DO you remember Home and Away in the 1980s?
Not the Aussie soap which first unleashed Heath Ledger, Chris Hemsworth and Dannii Minogue on the world, but the infinitely more entertaining Granada documentary which followed the fortunes of a group of Everton and Liverpool supporters at the 1984 Milk Cup final in London.
Fox Films are planning a follow up and want to track down some of the fans who featured in the original.
They are seeking out Ronnie Morris (Lorry Driver), Steve and Tony Waldron, Colin Chorley (JCB Driver), Richie Woods (Bus Driver), Graham Egerton (Electrician), Alan Walker (Mechanic) and “Nosher”.
Home and Away offered wonderful insight into the Everton and Liverpool teams of that time, and poignant social documentary of the fans who followed them.
Alan Wells of Fox Films writes: “The 1984 League Cup Final was the first Merseyside Wembley Final.
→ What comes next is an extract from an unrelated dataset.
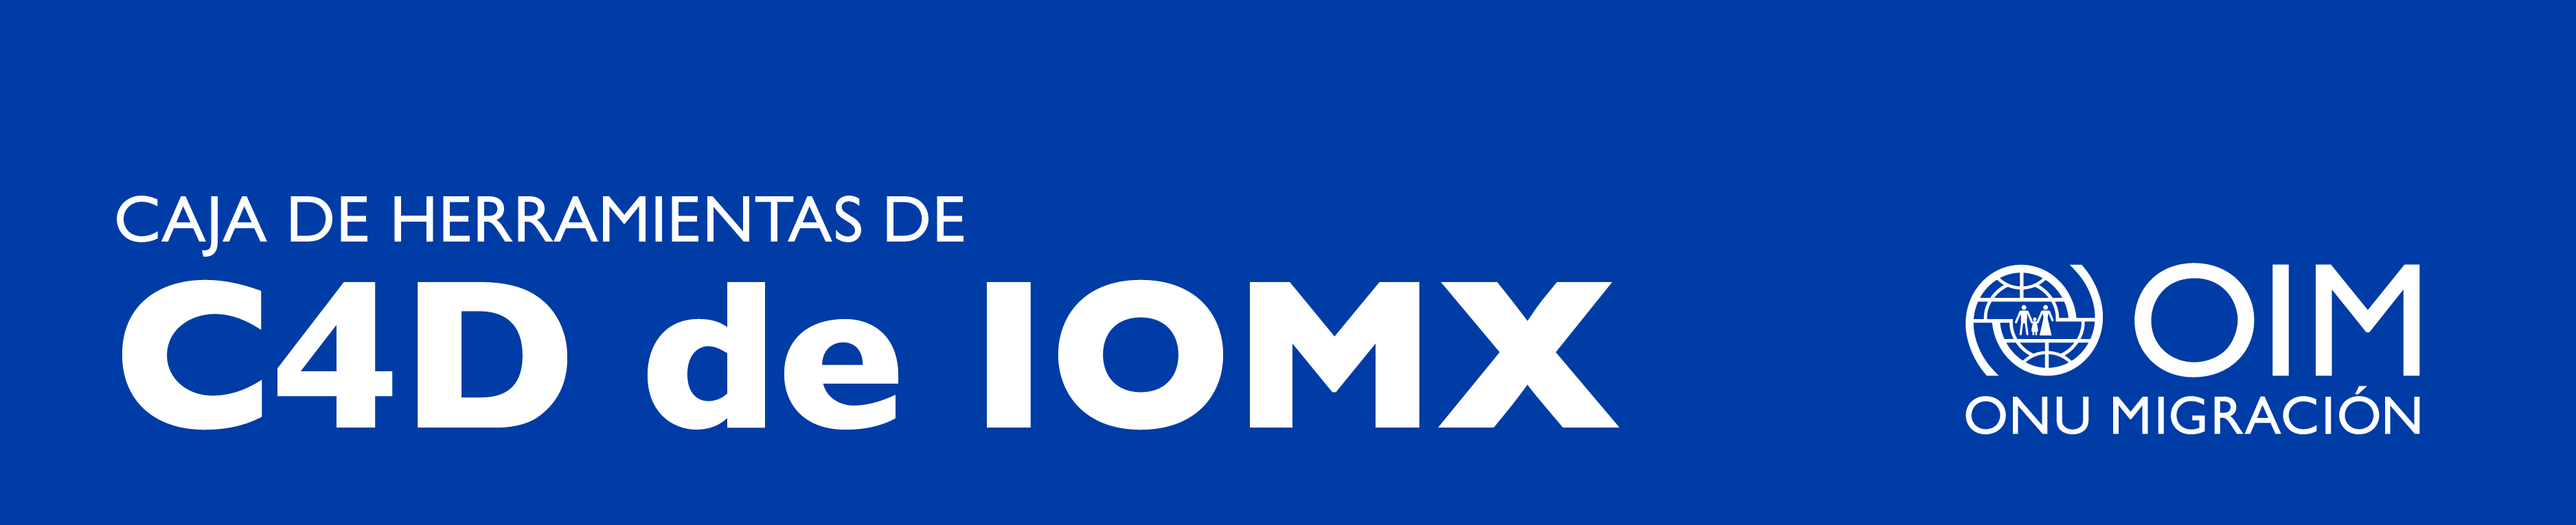 Caja de herramientas de C4D de IOMX

“Incredibly, a third of the entire male population of the city left Liverpool that weekend and made it’s way down to London.
“It was more than just a game. It’s rare that a football match transcends its sporting constraints to become a symbol of wider social truths but in 1984 that’s exactly what happened.
“At the time, Liverpool felt like a city besieged.
“Industry had been decimated, jobs were scarce and the battle lines between the local government and Margaret Thatcher’s Conservatives had been drawn.
“The outlook was bleak but football gave people, and especially young men, a sense of hope and civic pride.
“The Final was a chance to show the rest of the country that Liverpool wasn’t a ‘basket case’ and became a very public act of defiance.
“Here was a chance to show Thatcher, and the rest of the nation, that she hadn’t crushed their soul, that their spirit was unbroken. And they were going to do it on her doorstep.
“The players joined in too.
“At the end of the match the match they decided to do a joint lap of honour and posed for a joint team photograph.
“Can you imagine any other clubs doing this? And the fans didn’t sing songs about Liverpool or Everton but joined together as 100,000 people burst into a mass chant of “Merseyside, Merseyside.
“Now, as part of a new documentary looking back at that important match and the issues that surrounded it, we’d like to track down those in the film to find out what they remember about that game and see how their lives have changed in the past 30 years.”